» **Dataset extract**:

====================

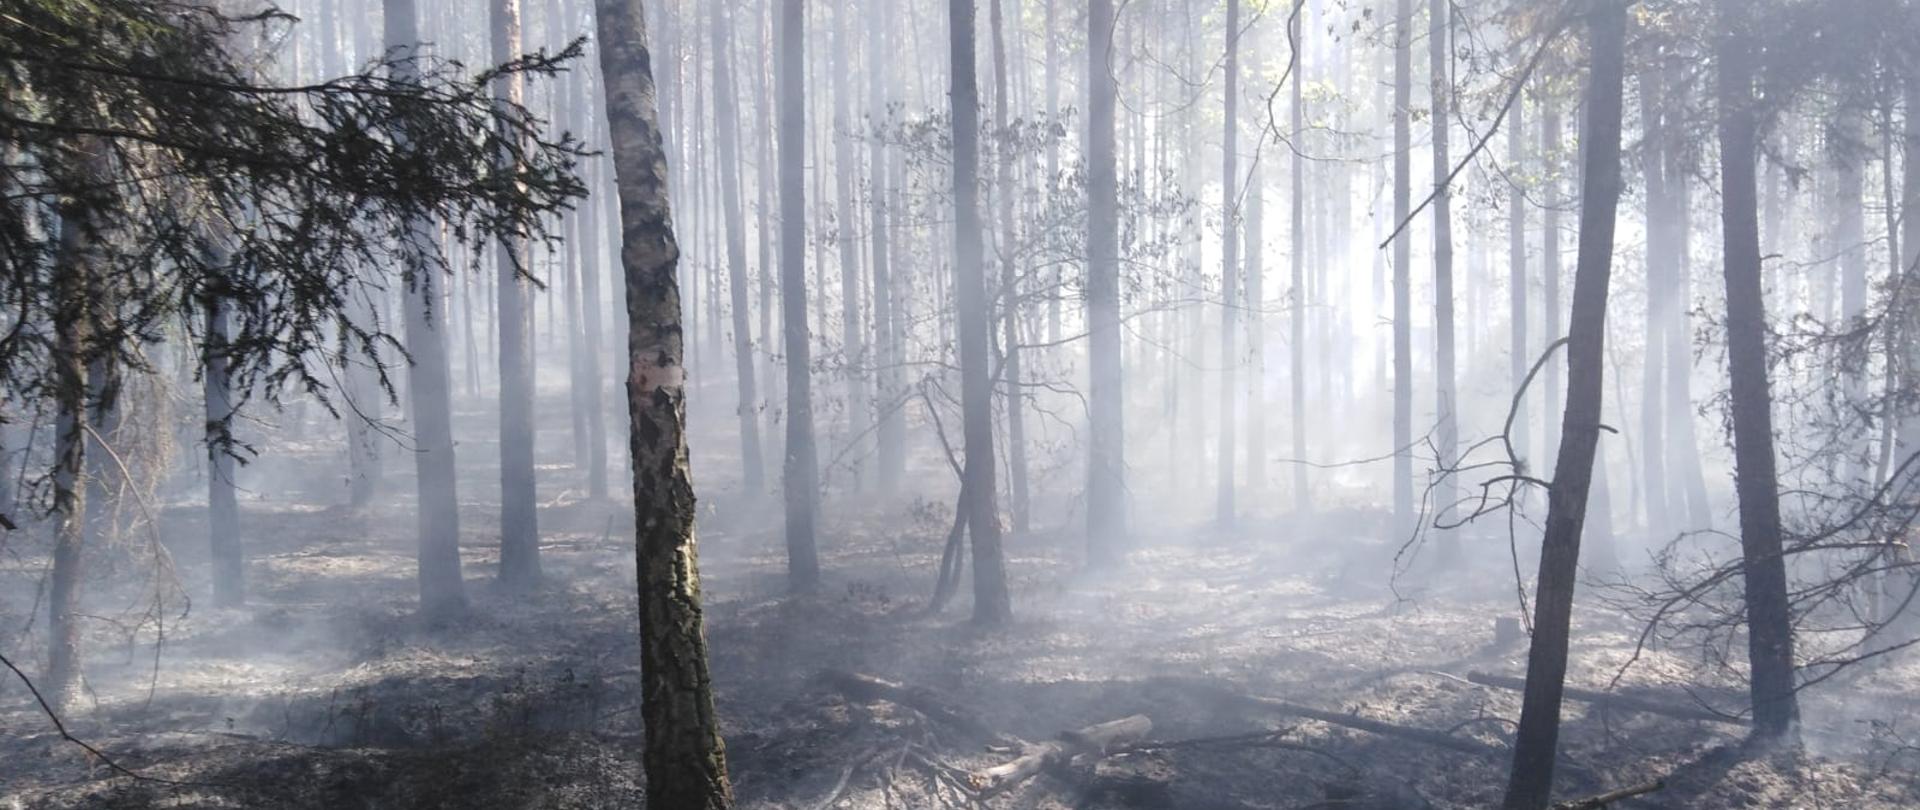 Drzewa w lesie. Pomiędzy drzewami unosi się dym. Na ziemi leżą spalone drzewa i popiół.
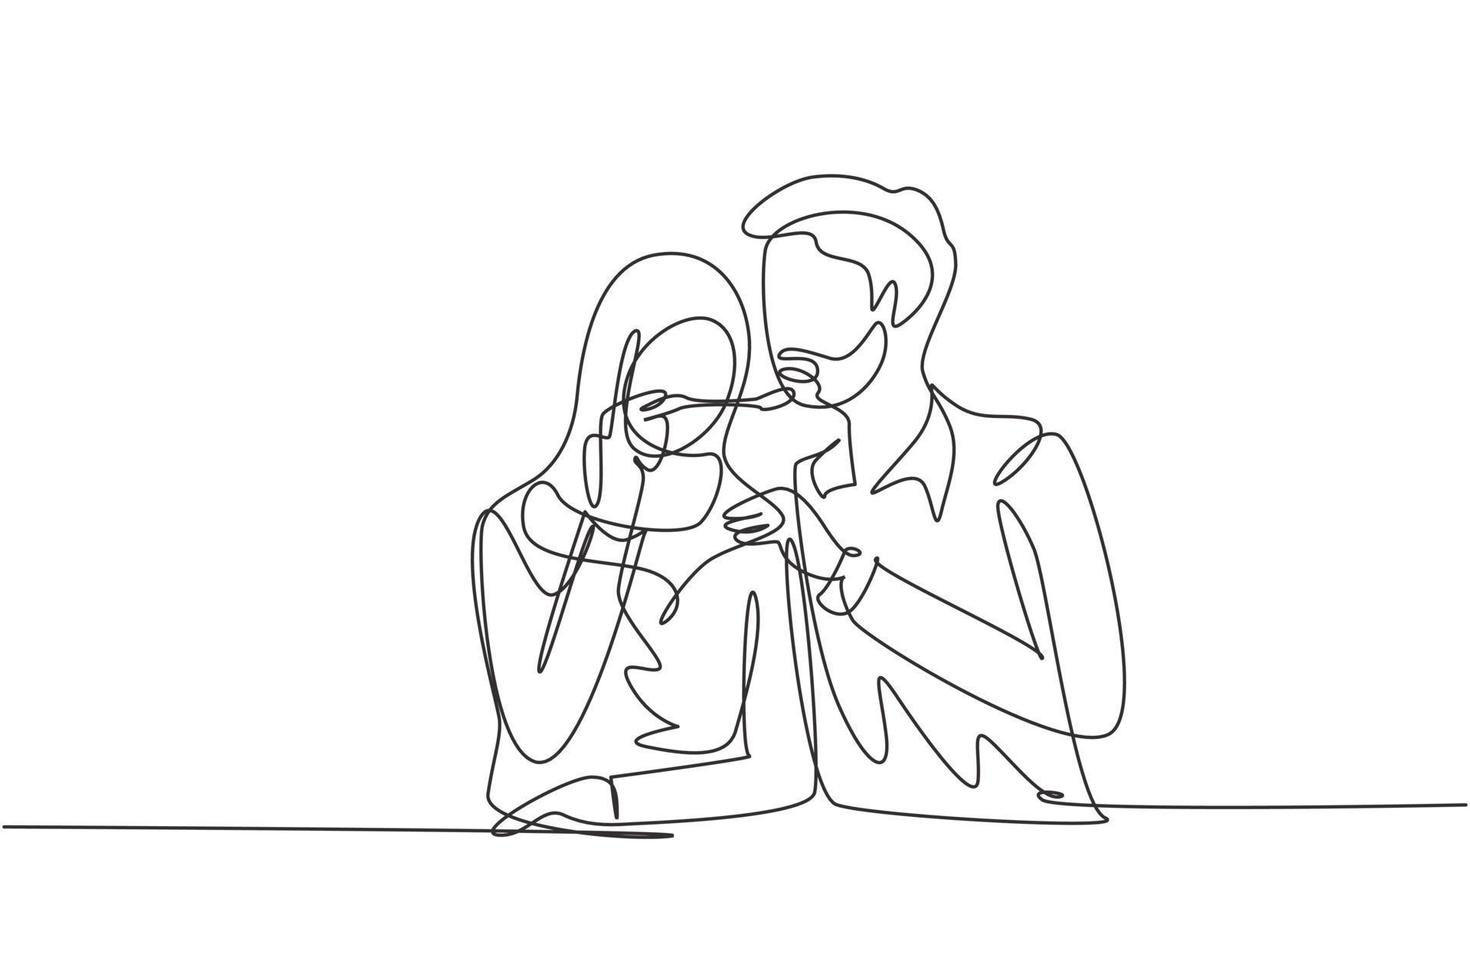 único desenho de linha romântico feminino árabe alimenta o marido. casal feliz jantar juntos no restaurante. comemorar aniversários de casamento. linha contínua desenhar design gráfico ilustração vetorial vetor
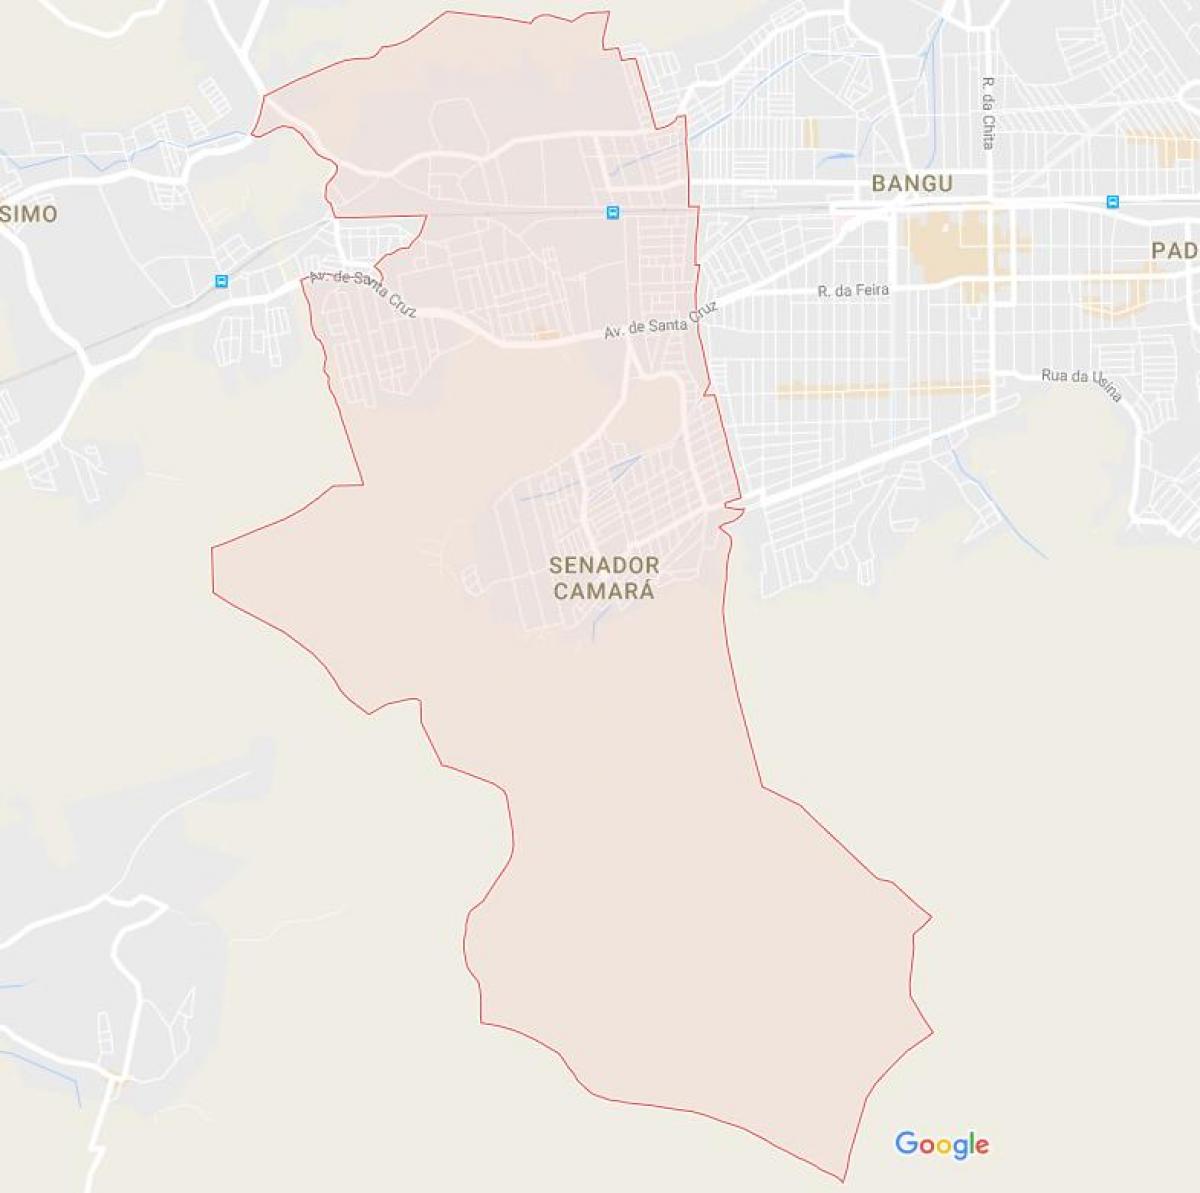 خريطة سنادور كاماره

====================

» **What is being asked**: Everything above except the pictures must be restated exactly.

» **Task answer**:
 Drzewa w lesie. Pomiędzy drzewami unosi się dym. Na ziemi leżą spalone drzewa i popiół.
 único desenho de linha romântico feminino árabe alimenta o marido. casal feliz jantar juntos no restaurante. comemorar aniversários de casamento. linha contínua desenhar design gráfico ilustração vetorial vetor
 خريطة سنادور كاماره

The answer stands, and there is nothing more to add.